Abstract:
A circuit for converting a monochrome video signal into individual video color signals includes a gate means for individually energizing the color guns of a color picture tube. Control logic sequentially enables the gates so that only one electron gun is energized at a given instant. The circuit works in cooperation with a commercially available pattern generator so that a plurality of rows of patterns of a particular color are scanned across the face of the screen. Because of the sequential scanning, various rows of the selected pattern are composed of the three primary colors.

Description:
BACKGROUND 
     This invention relates generally to signal generators for testing kinescopes and particularly to a circuit for converting a monochrome test signal into individual video color signals for a color display, such as a video monitor. 
     Among the final stages of manufacturing color kinescopes for video monitors, are the adjustment of the electron beam focusing and convergence. Typically, convergence is a subsequent adjustment but because convergence is affected by focus voltage, focusing must be proper before making any convergence adjustments. Focusing can be facilitated by the use of arbitrary character patterns to cause all three primary colors to be simultaneously displayed on the tube to permit optimizing focusing at all locations on the tube screen. Without an arbitrary test pattern, setting the focus becomes an iterative procedure that is very time consuming. Commercially available test pattern generators do not provide the capability of generating test patterns in all three of the primary colors. However, many commercially available test pattern generators do provide the capability of generating monochrome arbitrary patterns and all necessary synchronization signals. For this reason there is a need for a circuit for transforming the monochromatic test signal into the primary video colors needed for a color video monitor. The present invention fulfills this need. 
     SUMMARY 
     A circuit for transforming a monochromatic test signal from a signal generator into individual video color signals for a color display device includes a plurality of color output gate means for receiving the monochromatic test signal and for providing the video color signals to the display device. Control logic means sequentially enables the color output gate means whereby the video color signals are sequentially provided to the video output terminals of the display device. 
    
    
     BRIEF DESCRIPTION OF THE DRAWINGS 
     FIG. 1 shows the present invention in combination with a commercially available pattern generator. 

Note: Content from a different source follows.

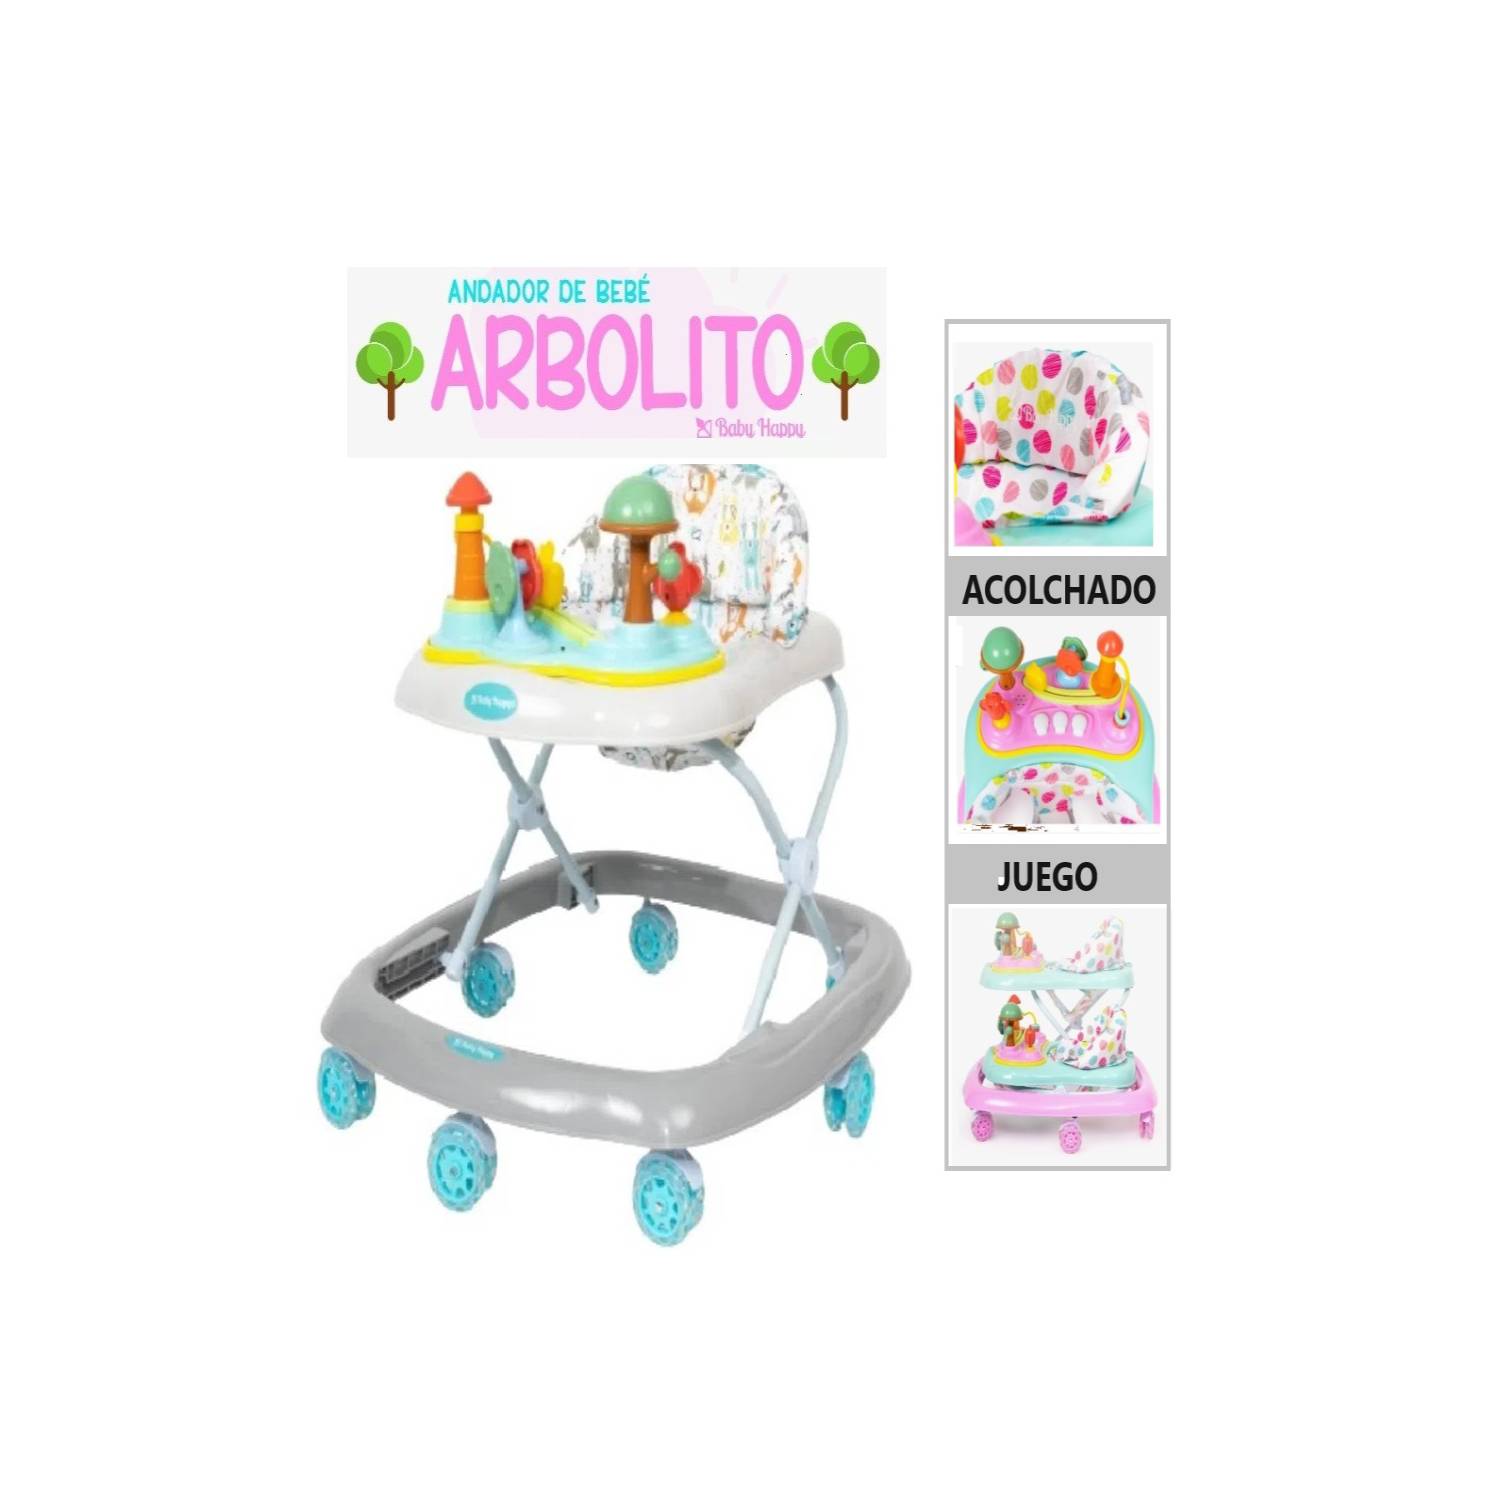 Andador para Bebe Musical Baby Happy Arbolito
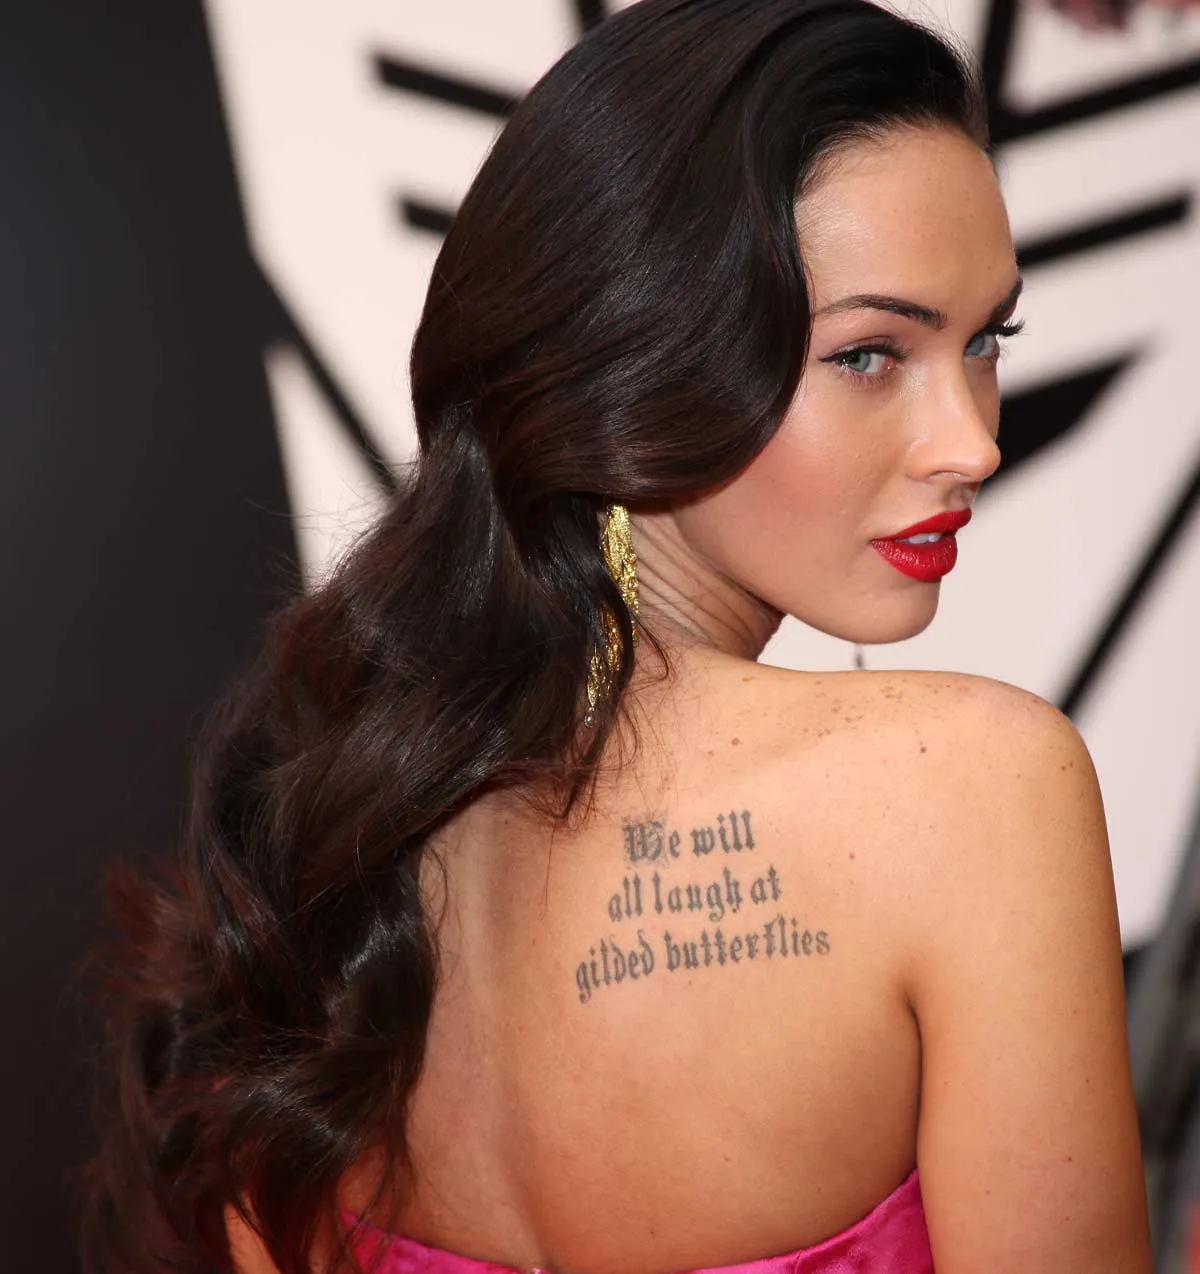 В сети высмеяли шокирующую татуировку жениха Меган Фокс

     FIG. 2 is a logic diagram of a preferred embodiment. 
     FIGS. 3a to 3k are waveforms showing the operation of the preferred embodiment. 
    
    
     DETAILED DESCRIPTION 
     FIG. 1 shows a circuit 10 for converting monochrome test signals provided by a commercially available pattern generator 11 into patterns having the three primary video colors. The pattern generator can be a Quantum Data (Carol Stream, IL) 801 generator. The circuit 10 receives typical standard monochrome video signals on three input lines 12, 13 and 14 and provides individual color signals on output lines 16, 17 and 18. Lines 16, 17 and 18 thus provide the red, green and blue video signals needed to produce color on a color monitor. The pattern generator 11 also provides horizontal sync signals to the receiver being adjusted by way of an output line 19. Vertical drive signals are provided by the test generator 11 to the monitor and to the circuit 10 by way of an output line 21. Step signals are provided to the circuit 10 by an output line 22. 
     In FIG. 2, the output lines 16, 17 and 18 are energized by color output gates 23, 24 and 25, respectively, preferrably AND gates. The AND gates 23, 24 and 25 respectively receive the monochrome video signal from lines 12, 13 and 14. The AND gate 23 receives the Q1 output of a flip-flop 26, preferably a D-type flip-flop, by way of lines 27, 28 and a center off switch 29. The AND gate 24 receives the Q2 output of another D-type flip-flop 31 via a line 32 and a center off switch 33. The output of an additional AND gate 38 is coupled to the AND 25 gate through a center off switch 39. The Q1 output of the flip-flop 26 is coupled to one input terminal of the AND gate 38 by line 34. The Q2 output of the flip-flop 31 is coupled to the other input terminal of the AND gate 38 by lines 36, 37. Accordingly, the Q1·Q2 product is applied to the AND gate 25. 
     The clock input of the flip-flop 26 receives set pulses, such as those shown in FIG. 3a from the line 22. The Q1 output of the flip-flop 26 is coupled to the clock input of the flip-flop 31 by the line 34 and a line 41. The input terminals of a NOR gate 42 are coupled to the Q1 output of the flip-flop 26 by a line 43, and to the Q2 output of the flip flop 31 by a line 44. Accordingly, the output line 46 of the NOR gate 42 is high only when both the Q1 and Q2 outputs of the flip-flops 26 and 31, respectively, are low as shown in FIG. 3e. A NOR gate 37 receives the output of the NOR gate 42 and a vertical sync pulse by a line 48 and a switch 49. An additional NOR gate 51, in combination with the switch 49, permits the use of a negative sync pulses if desired. The output of the NOR gate 47 is coupled to the S input terminals of the flip-flops 26 and 31 by lines 52 and 53 respectively. Accordingly, the control logic means 54 for the output gates 23, 24, and 25 includes the two bistable logic circuits 26 and 31 and the sync logic 56, which, preferably is composed of the NOR gates 42, 47 and 51.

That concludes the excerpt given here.